I would be lying if I claimed that this honors project is about Important Ideas. This honors
project is about a story. My goal—as a creative writing major, as a writer—is to tell that story
well, whatever it turns out to be.
Bibliography
Baxter, Charles. Burning Down the House: Essays on Fiction. Graywolf Press, 1998.
Butler, Robert Olen and Janet Burroway. From Where You Dream: The Process of Writing
Fiction. Grove Press, 2005.
Cariou, Warren. Encyclopedia of Literature in Canada. Ed. William H. New. University of
Toronto, 2000.
Dickens, Charles. A Tale of Two Cities. 1859.
Frye, Northrop. Anatomy of Criticism: Four Essays. Princeton University Press, 1957.
Garcia Marquez, Gabriel. Leaf Storm. Harper & Row, 1972.

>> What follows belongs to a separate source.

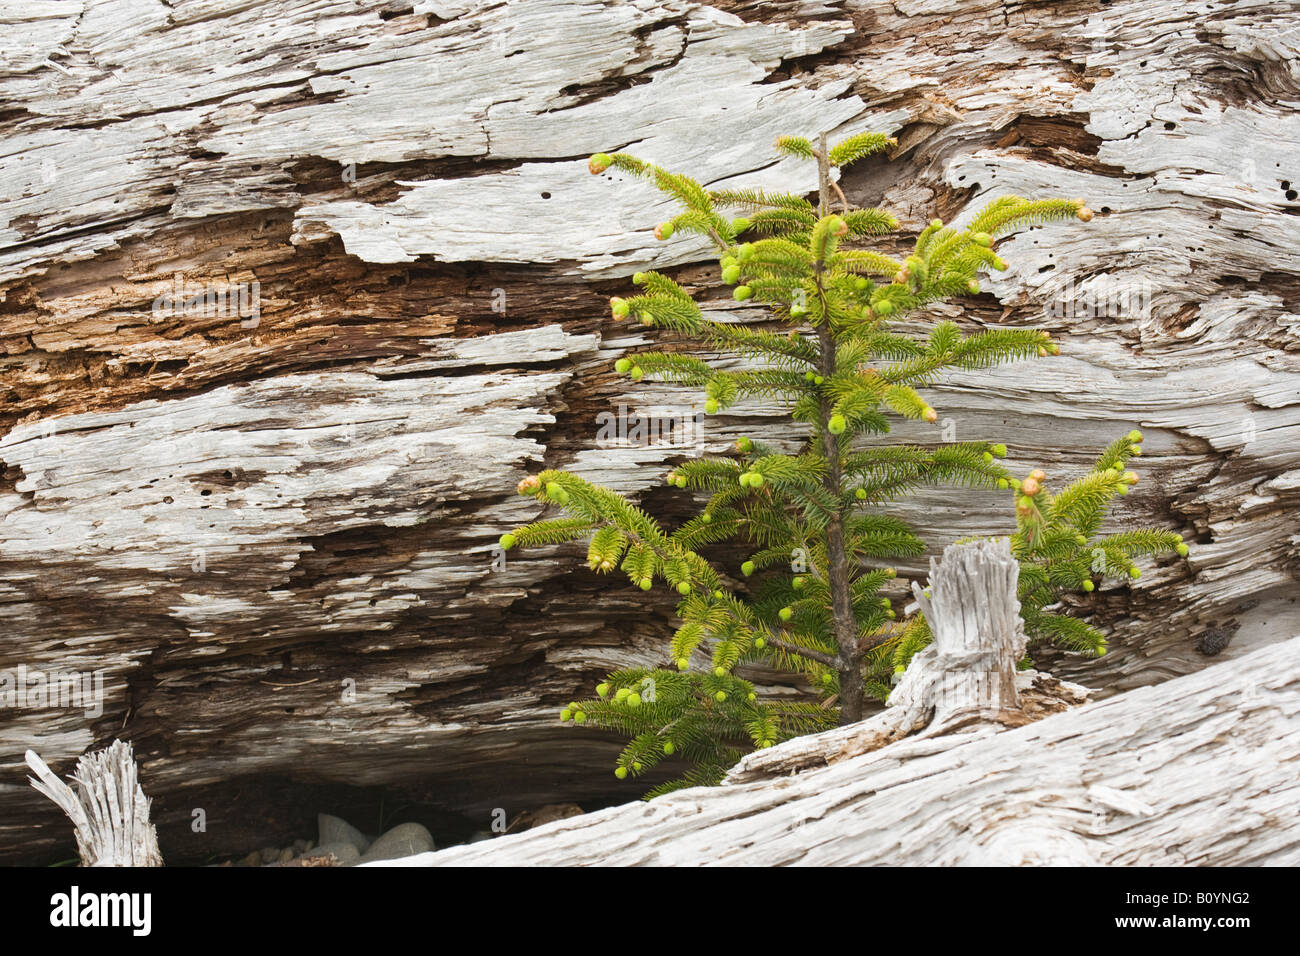 Young spruce seedling, Rialto Beach, Washington, United States - Stock Image

Jonson, Ben. The Alchemist. 1610.
Poe, Edgar Allan. “William Wilson.” 1893.
Roth, Philip. Goodbye, Columbus. Massachusetts (Houghton Mifflin Company), 1959.
Shakespeare, William. As You Like It. c. 1599.
—The Comedy of Errors. c. 1595.
—A Midsummer Night’s Dream. c. 1596.
—Much Ado About Nothing. c. 1598.
—Twelfth Night. c. 1602.
Stevenson, Robert Louis. The Strange Case of Dr. Jekyll and Mr. Hyde. 1886.
Twain, Mark. The Prince and the Pauper. 1881.
—Pudd’nhead Wilson. 1894
Wilde, Oscar. The Canterville Ghost. 1887. Read a Book Online. April 2011.